この巨大なお皿の話を知るきっかけを私に与えてくれたのは,実話に基づいてオーストラリアの人々の手によって作られた,「月のひつじ-the Dish」という映画でした。全く宇宙科学に興味がない人でも,科学者でも,科学者でない人でも,子供も大人も,誰でも楽しむことができる映画です。一体どのようにしてパークスステーションの人々が危機を乗り越えたのか興味がある方は,是非この映画をご覧になってください。まるで1969年にタイムスリップをし,パークスの人々と一緒に,アポロ11号からの映像をテレビの前で待っているような気分になります。この映画が公開されてから,パークス観測所を訪れる観光客がとても増えているのだそうです。
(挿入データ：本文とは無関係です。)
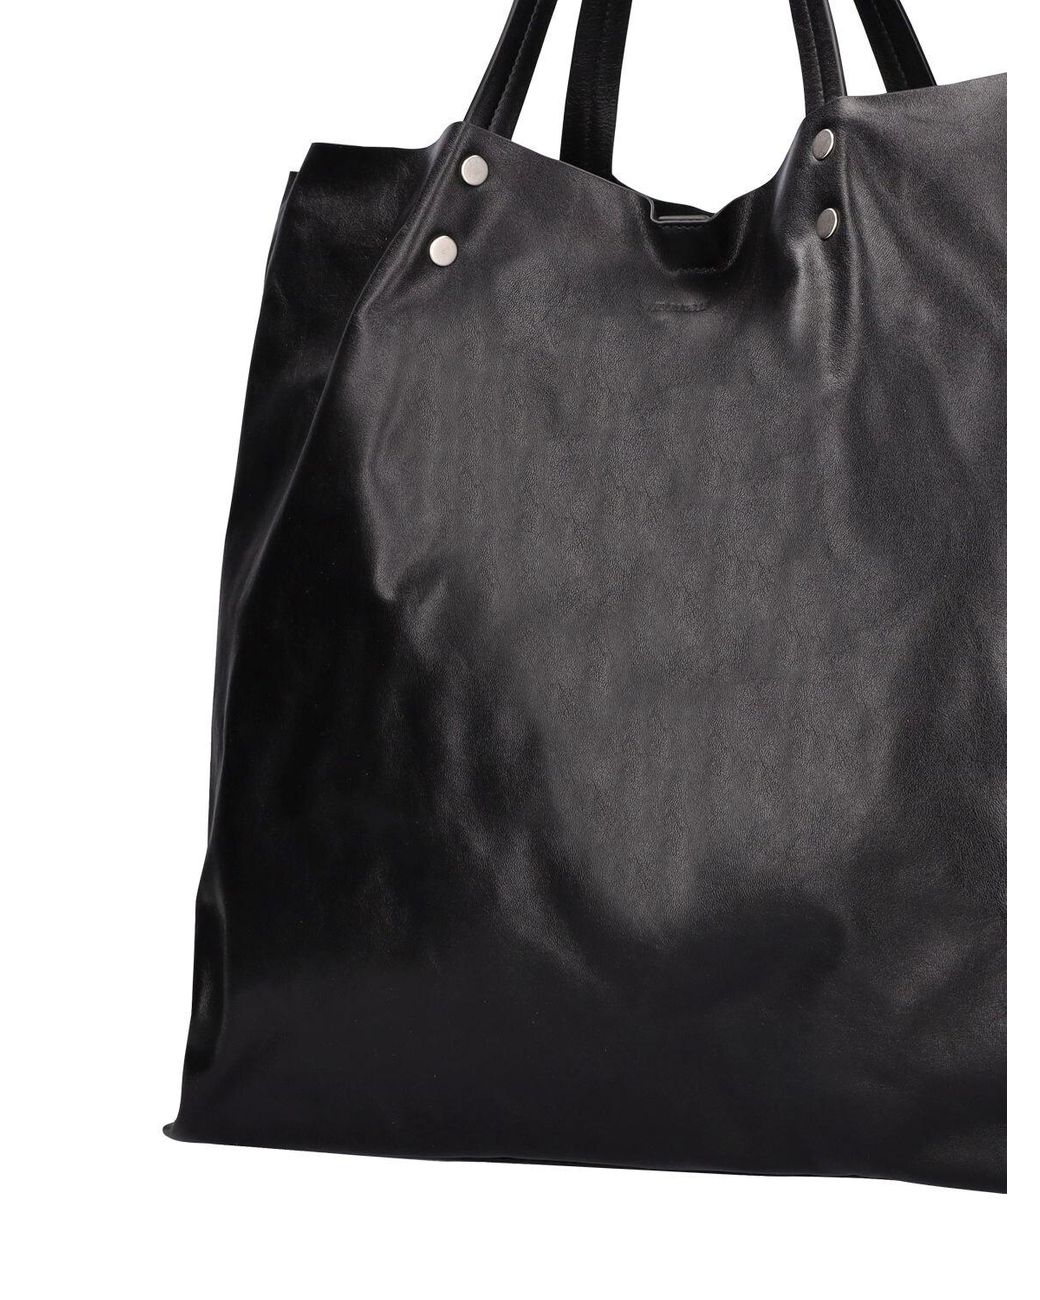 Jil Sander Rivet Medium Leather Tote Bag in Black for Men - Lyst

「月のひつじ」は全て事実に基づき作られているのではなく,創作されている点もいくつかあります。フィクション抜きの話を知りたい方,パークス観測所の場所,詳しいお皿のデザイン,アポロ11号のテレビ中継の詳細に興味がある方は,https://www.parkes.atnf.csiro.au/を参照して下さい。パークス以外の観測所の苦労話も紹介されています。例えば...実は,同じくオーストラリアのTidbinbillaにあるステーションからアポロ11号のテレビ映像が配信される予定でした。ところが,アポロ11号が月面着陸を果たす三日前の7月18日に,Tidbinbillaの送信機に火災が発生してしまいました。送信機は直ぐに修理されたのですが,この火災により,NASAはTidbinbillaの管理体制に疑問を抱くようになり,Tidbinbillaからの中継の予定は変更・中止されてしまいました。もしTidbinbillaで火災が発生しなかったら...と,もちろん思いますが,月面歩行の世界中継が成功した,という事実は, NASA, Tidbinbilla, Parkes,その他多くの計画に携わった全ての人々に共有されるべき功績であることに変わりないでしょう。